LG Chem Look to Dominate EV Battery Market

LG Corp. doesn't do things small. The company is the world's largest maker of LED monitors and the second-biggest manufacturer of liquid-crystal display (LCD) televisions. It also is the second largest manufacturer of mobile phones and front-loading washing machines sold in the U.S. Now, the 64-year-old South Korean conglomerate is taking aim at the top spot of the fragmented electric-vehicle battery market, where the competition includes fellow South Korean conglomerate Samsung, Japan's Panasonic and relative start-ups like A123 Systems and the automakers themselves.

The company’s LG Chem division last week opened what it said is the world's largest electric-vehicle battery-making plant in Ochang, South Korea.
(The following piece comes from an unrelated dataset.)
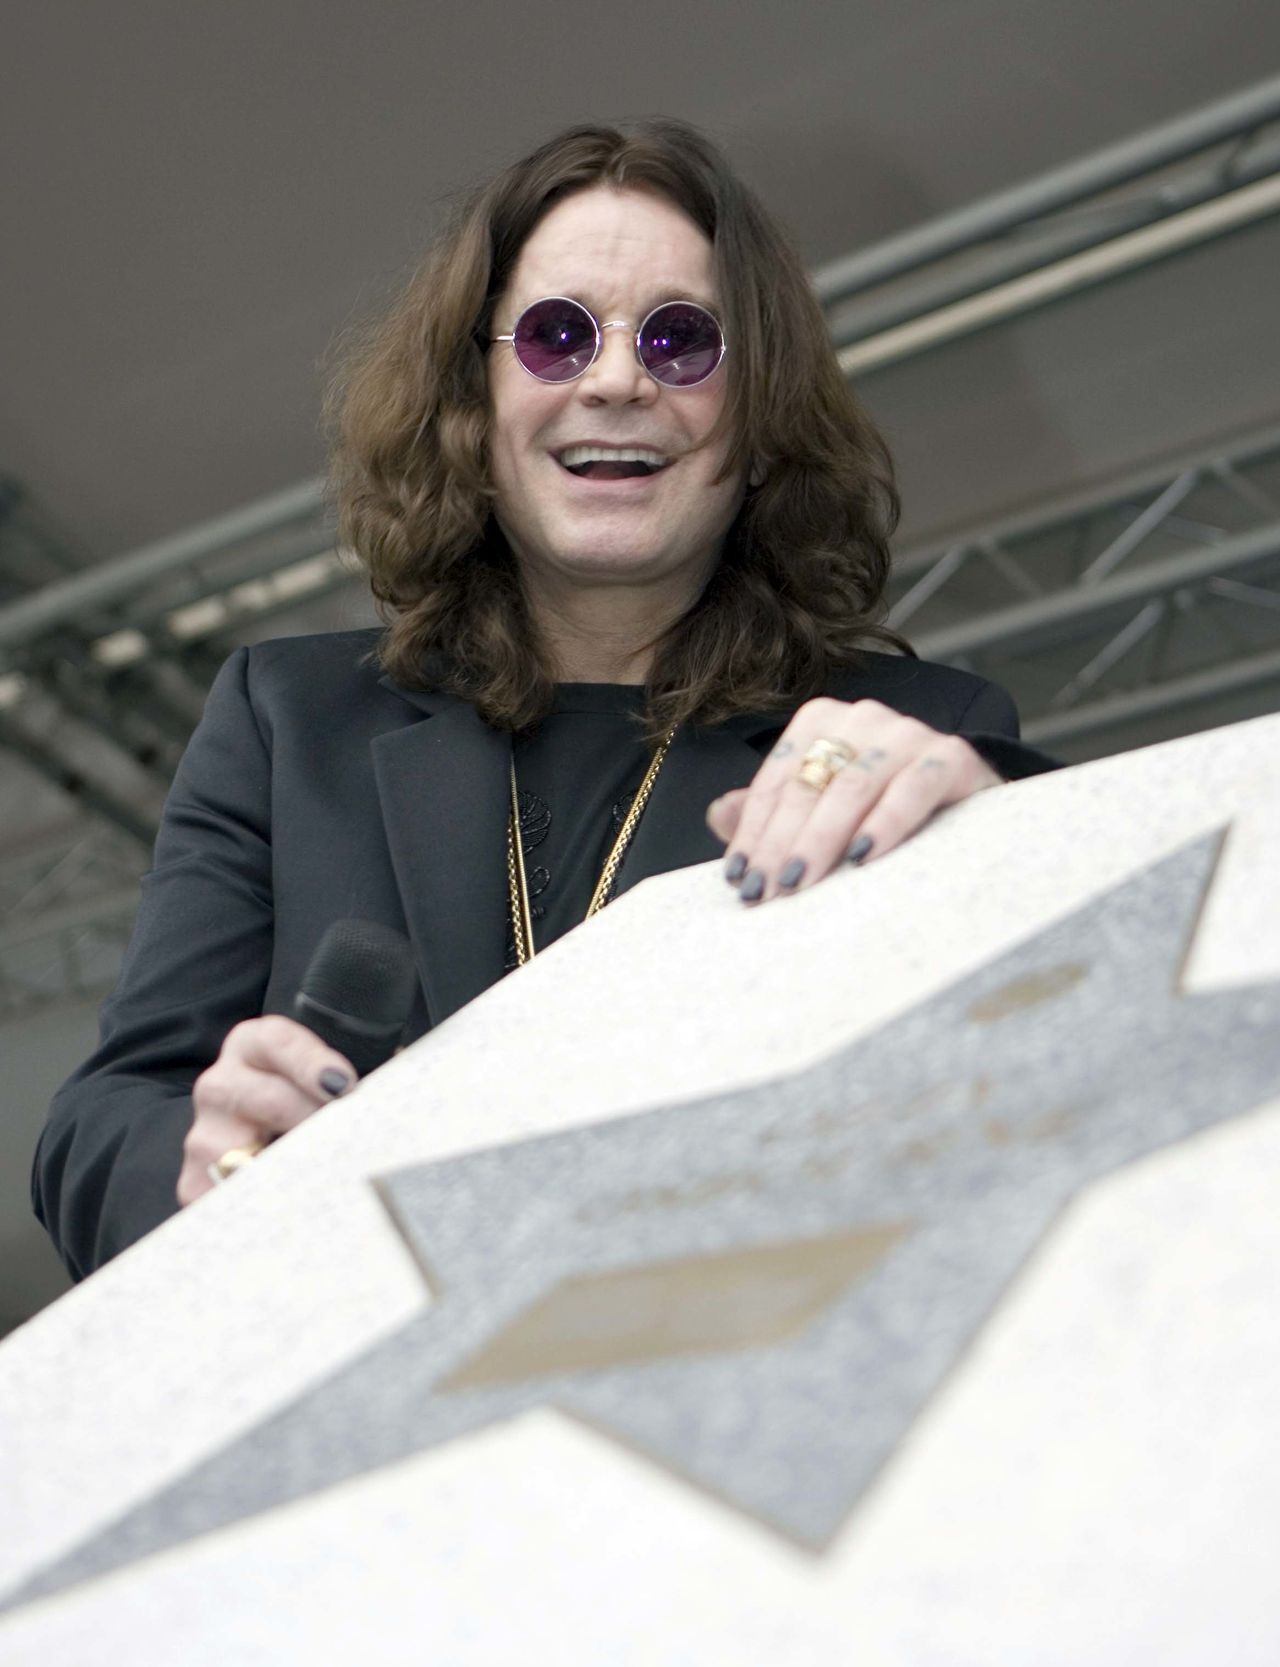 Ozzy was awarded a star on Birmingham's Walk Of Stars in 2007

The factory will produce enough lithium-ion batteries for 100,000 electric-drive vehicles, according to Bloomberg News. LG Chem, which makes batteries for a number of electric-drive vehicles including General Motors’ Chevrolet Volt plug-in hybrid-electric (PHEV), is looking to boost annual revenue from EV batteries to 4 trillion won ($3.67 billion) by 2015, when the company expects to have 25 percent of the worldwide EV-battery market. With another South Korean plant and a U.S. factory scheduled to open by the end of next year, LG Chem will be able to produce enough batteries for 350,000 vehicles by 2013, according to Bloomberg.

"They’re definitely the mover and the shaker right now in the lithium-ion battery market," said John Gartner, senior analyst at Pike Research. "They have strong relationships with GM, Ford and Hyundai, and their technology is viewed as being very stable, safe, and reliable, so it’s not out of the questions that they could reach that goal."
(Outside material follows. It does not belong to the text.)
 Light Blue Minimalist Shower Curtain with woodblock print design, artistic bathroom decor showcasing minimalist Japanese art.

LG's strategy may be a sound one, given electric-drive vehicle projections. Last year, Pike estimated that global sales of PHEVs and battery-electric vehicles (BEVs) will surge to more than 1 million units in 2015 from less than 250,000 this year. That said, consolidation isn't guaranteed in an EV-battery market where technology continues to rapidly evolve. For instance, last month, the U.S. Energy Department and an automaker group that includes GM, Ford and Chrysler awarded lithium-ion battery-maker A123 Systems a contract worth $8 million to further develop so-called nanophosphate systems that will produce lighter, cheaper and more powerful batteries for plug-in hybrid-electric vehicles. "It’s a little premature for anyone to be beating their chest unless they have a real corner on the technology," said Philip Gott, managing director at IHS Automotive. "Even GM's hedging its bets."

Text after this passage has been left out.